Words by Hasan Bajis

When my sisters and I were young, we always enjoyed going for drives with my mother and father. All five of us would just fit in the back seat of my father’s 1987 Mercedes. We would sit so close to each other, arguing about whose arm would be over the other. We were like a pack of sardines. We used to tell stories and share jokes continuously, making my father laugh so suddenly his foot would release from the accelerator.

In 2005, my sisters and I sat in the back of a 1987 Mercedes. But this time it was a yellow taxi travelling east along the main highway of Amman, Jordan, taking us back to Palestine. It was only three of my sisters and my mother. Dalia, my oldest sister, had to stay back in Sydney to look after her two year old daughter. It was a long drive. We still didn’t have space between us but we were holding on to each other’s arms tightly.

We were only going eighty kilometers per hour but the taxi was rattling. The driver’s moustache kept grabbing my attention. It reminded me of the short guy from the Three Musketeers; the one that always twirls his moustache when he’s thinking of an idea. It was starting to get on my nerves along with the way he was swerving between the cars, making me nauseous. “I knew we should have booked the taxi before,” I said to my sister. In the Middle East, especially in Jordan, nothing ever seems to run on time; the economy, the shops and the people have no sense of punctuality. Everything was taking too long. But I wasn’t sure if my irritation was due to the situation or my anxious thoughts.

From the back seat, I glimpsed the checkpoint that we were so used to seeing on the television. The white and blue Israeli flags, so small before, were reproducing one after the other. The taxi driver spat at the steering wheel, “This is where the white soil and the black soil separate.” Usually when my mother cries, tears start to build in my eyes.
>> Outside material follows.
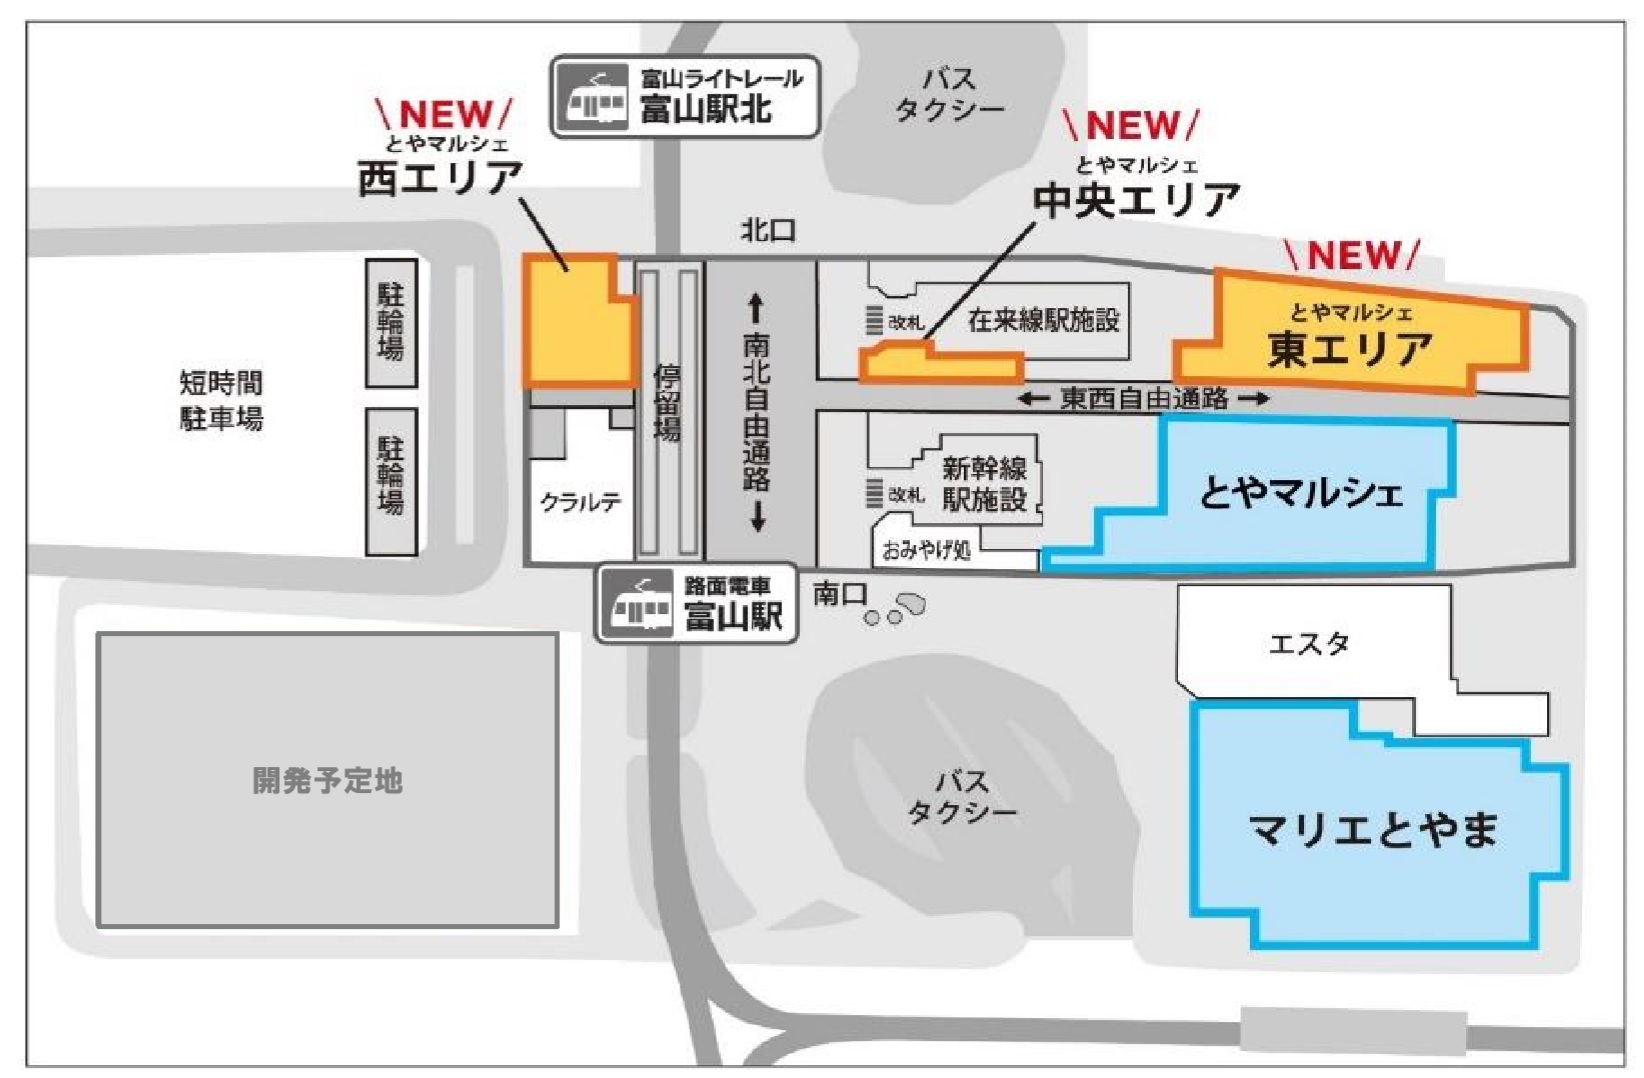 富山駅周辺の新商業店舗

This time Sahar, the second oldest, began to cry and I just put my arm around her. “It is such a strange feeling,” she said. I thought about the days before I planned to go for this trip. My excitement wouldn’t let me sleep for days before my departure. I looked away from the flags and tried to keep my eyes straight ahead. “I wish you guys were as quiet as this at home,” my mother said.
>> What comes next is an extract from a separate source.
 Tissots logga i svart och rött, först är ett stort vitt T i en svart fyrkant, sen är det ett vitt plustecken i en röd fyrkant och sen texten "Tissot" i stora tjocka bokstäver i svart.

We arrived at the drop off. The taxi door opened, it was as if the vacuum lid had been broken and the desert’s suffocating breath rushed in. We were about fifty meters away from the main entrance. Many people were walking around, I couldn’t tell who was Arab, but I picked the Westerners from a distance. We unloaded our luggage and walked towards the sliding doors.
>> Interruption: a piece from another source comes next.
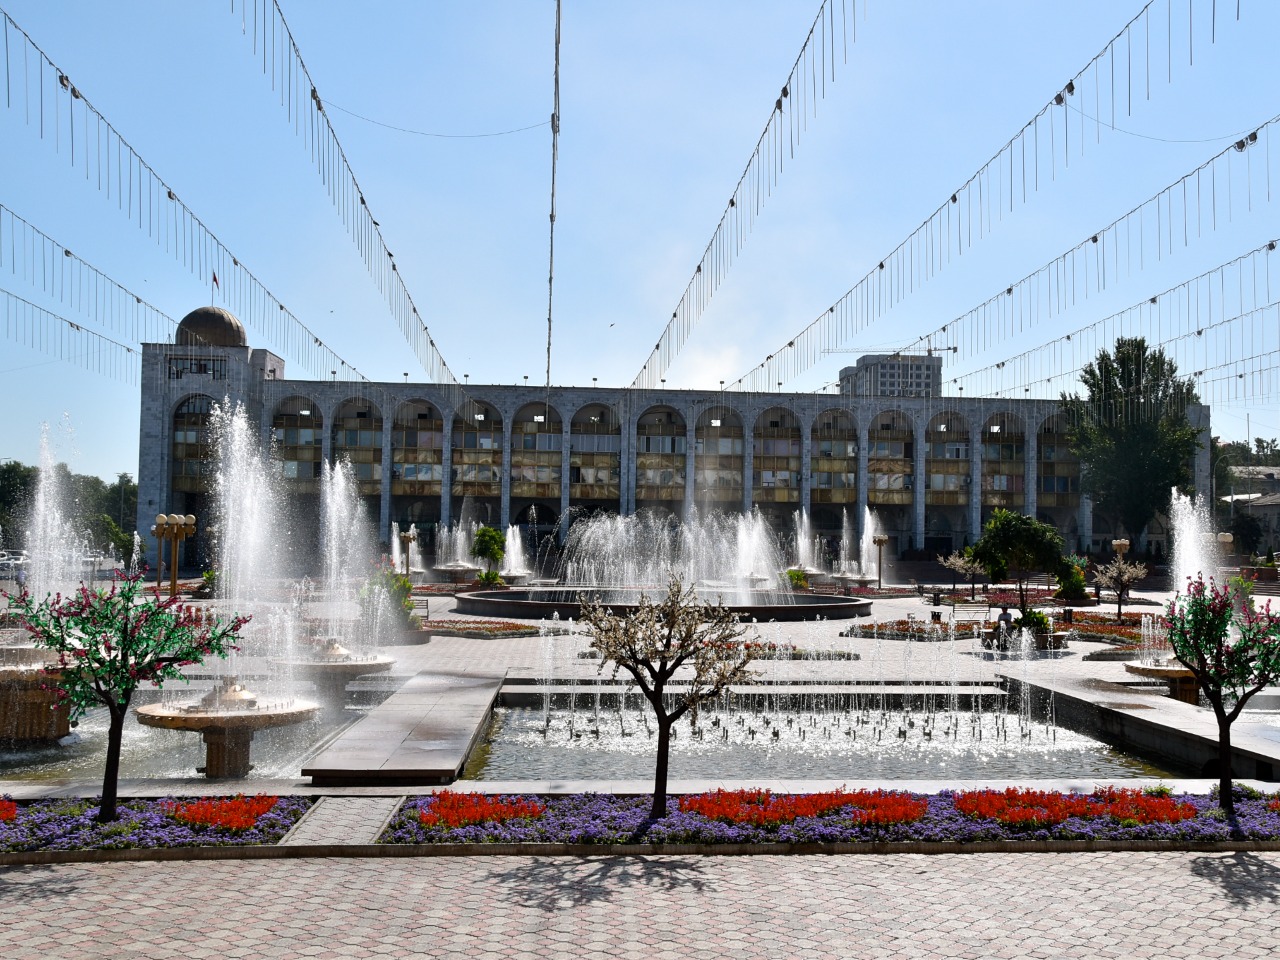 Знакомство с волшебным Бишкеком: главные локации | Цена 145€, отзывы, описание экскурсии

The checkpoints had cracks along the side of their 1970s brick walls. The unmarked soldiers were armed with AK47s longer than their legs. The floors were polished concrete. The soldiers fixed their eyes on the people coming and going through the checkpoint. The soldiers seemed more anxious than the Palestinians coming in. The building reminded me of the setting to the movie No Man’s Land when a Serbian and Bosnian soldier sat in the ditch and argued about who had more right to it. This building had trapped the agony that was not felt by the outside. Confusion mixed with the loud noise-there were so many voices, but I couldn't make out any of the stories. The soldiers looked young, probably eighteen years old and were yelling at a sixty year old woman. Edward Said once said, “You cannot continue to victimize someone else just because you yourself were a victim once—there has to be a limit”. The building reflected shadows of the faces from both sides of the checkpoint. As I glanced over the crowd of people, I saw three and four generations. So much time had passed, yet each generation was still waiting for the same reasons.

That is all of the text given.